Но теперь, без тети Вари, без Израиль Мойсеича, всё как будто развинтилось на Солнечной.
Как нарочно, сюда привезли целую партию новых больных, так называемых диких, то есть еще не приученных к здешним порядкам. Их следовало бы разместить по разным звеньям, но глупая Фанни Францевна сбила их всех в одну кучу — у той же бочки, недалеко от Илька. Так что у бочки образовалась целая колония диких, которые не то чтобы буянили, но были непокорны и крикливы.

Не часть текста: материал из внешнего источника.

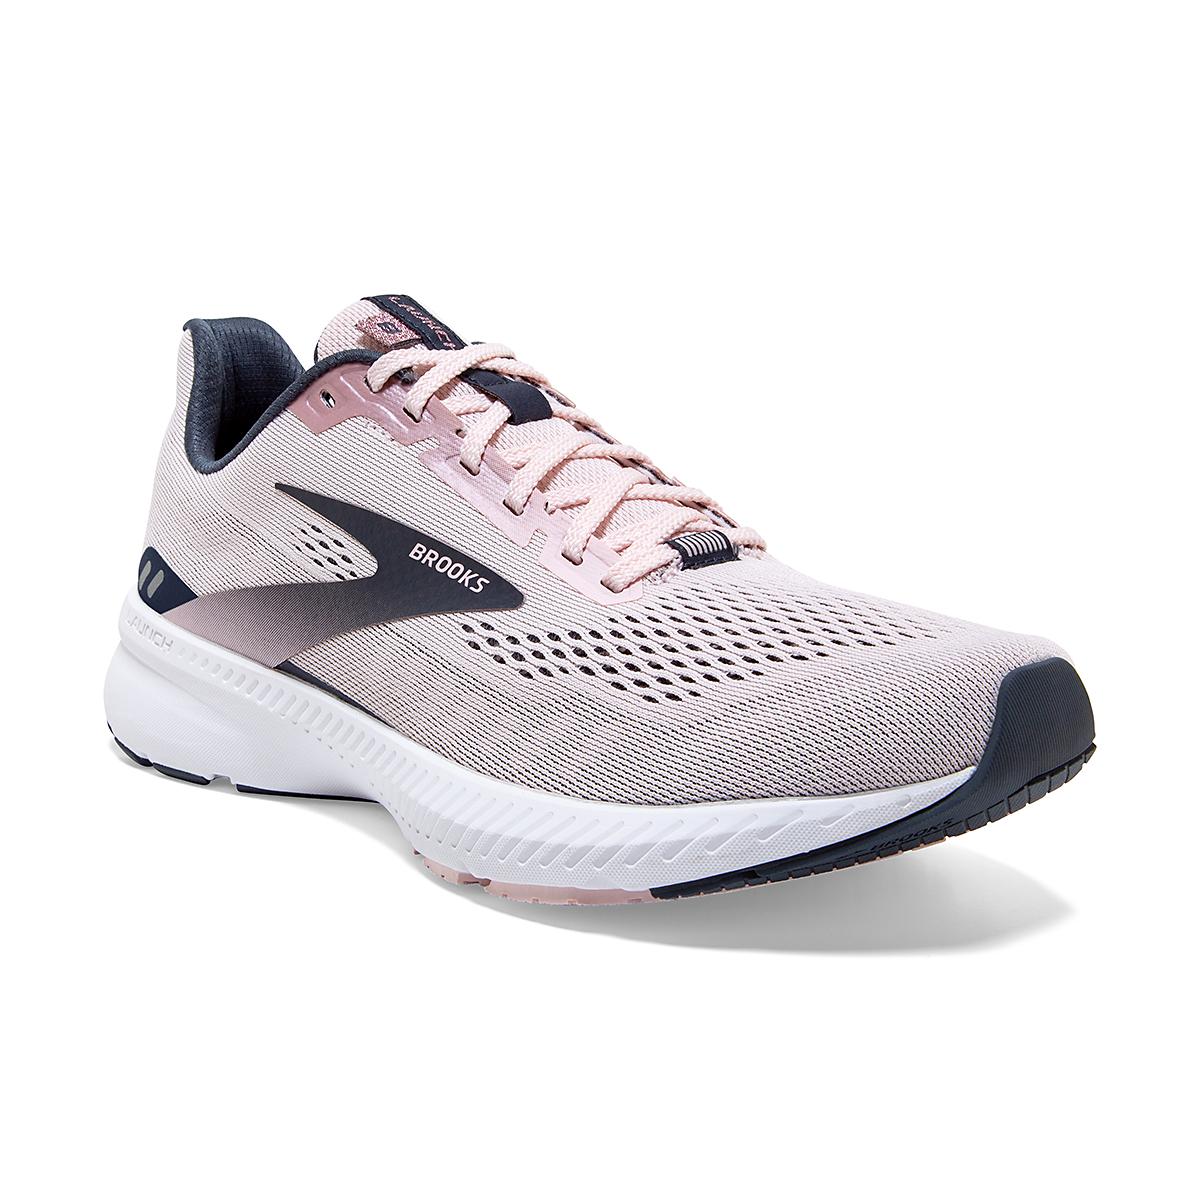 Women's Brooks Launch 8 Running Shoe - Color: Primrose/Ombre/Metallic - Size: 5 - Width: Regular, Primrose/Ombre/Metallic, large, image 2

То и дело кричали друг другу какую-то воинственную чушь:
Ябеда соленая,
На костре вареная,
Сосисками подбитая,
Чтоб не была сердитая!
Сережу такая чушь почему-то раздражала до слез. Он крепко затыкал себе уши, и, конечно, когда дикие заметили это, они стали кричать еще громче.
Главным же несчастием была скука.
Этой скуки, конечно, не могла разогнать субтильная учительница Людмила Петровна, временно заменявшая Израиль Мойсеича. Людмила Петровна говорила о том же, о чем говорил и он — о борьбе за пятилетку, о стройке, но губки у нее были бантиком, и она чирикала, как птичка:
— Чик-чирик успехи! Чик-чирик победы! Чик-чирик Кузбасс и Москанал!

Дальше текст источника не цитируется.